Senin (05/10) malam, Ketua Tim Identifikasi Jenazah korban peristiwa Mina, Jaetul Muchlis, menyempatkan diri untuk berbagi kisah dengan Tim Media Center Haji (MCH) Daker Makkah tentang upayanya dalam menembus keterbatasan akses identifikasi jenazah di Majma’ Ath-Thawary bil-Mu’aishim atau tempat pemulasaraan jenazah di Mu’aishim.
Peristiwa “Jalur 204” sebenarnya bukan berada pada jalur jamaah haji Indonesia ketika akan menuju ke atau pulang dari Jamarat (tempat melempar jumrah). Jamaah haji Indonesia yang tinggal di Harratul Lisan Mina, jalur menuju Jamarrat nya melalui terowongan Mu’aishim. Sedang bagi mereka yang tinggal di tenda Mina Jadid, jalurnya melewati Jalan Malik Fahd.

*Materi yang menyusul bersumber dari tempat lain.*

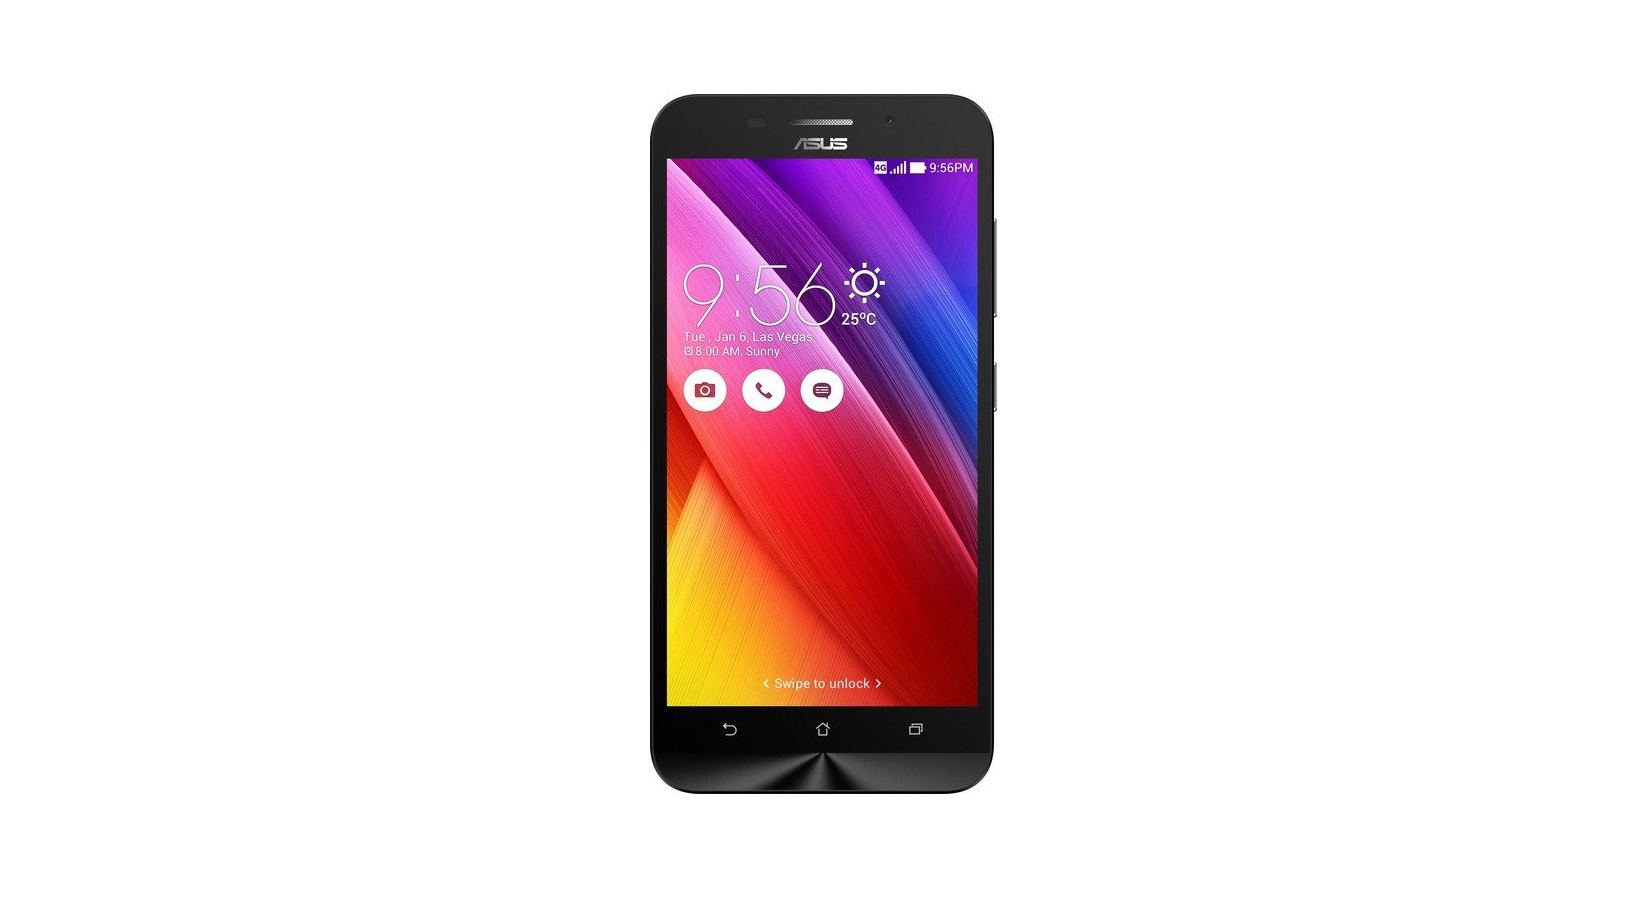 How To Fix Asus Zenfone Max ZC550KL Not Charging [Troubleshooting Guide]
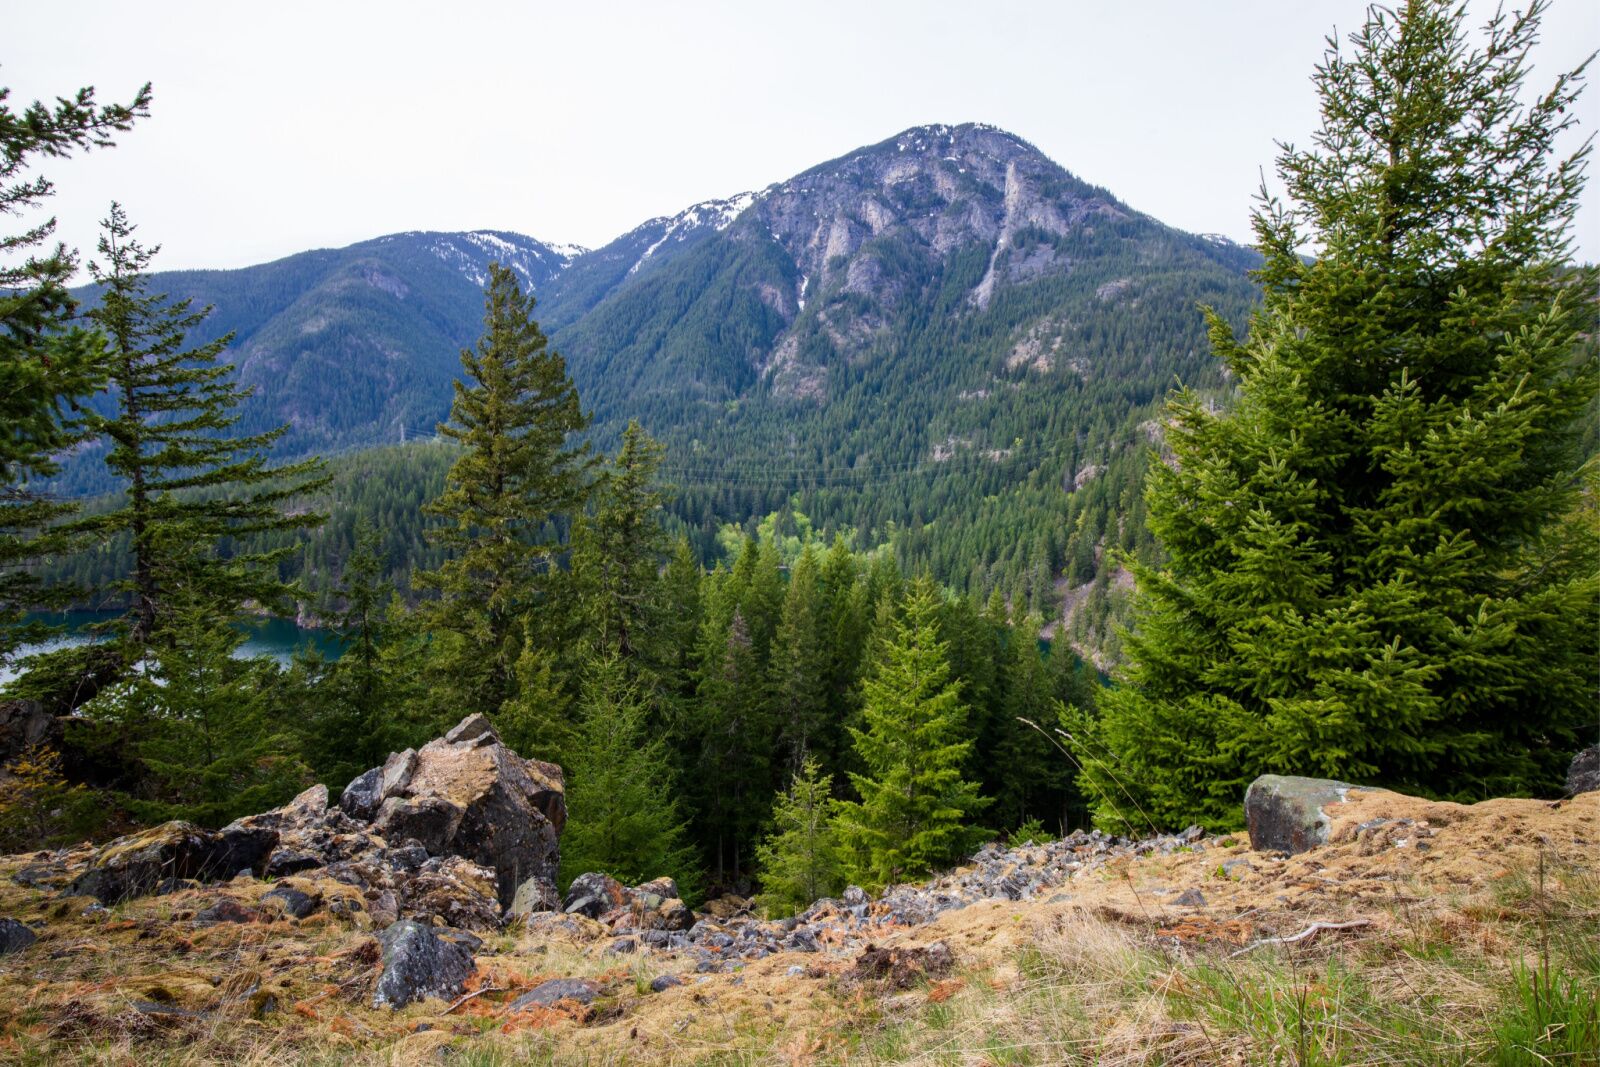 The view from the top of the longer Ross Dam trail in North Cascades National Park

Namun demikian, langkah-langkah strategis tetap dilakukan untuk mengidentifikasi apakah ada korban jemaah haji Indonesia ataukah tidak. Karenanya, tidak lama setelah kejadian, Menteri Agama Lukman Hakim Saifuddin selaku Amirul Haj segera membentuk 3 tim yang bergerak secara paralel.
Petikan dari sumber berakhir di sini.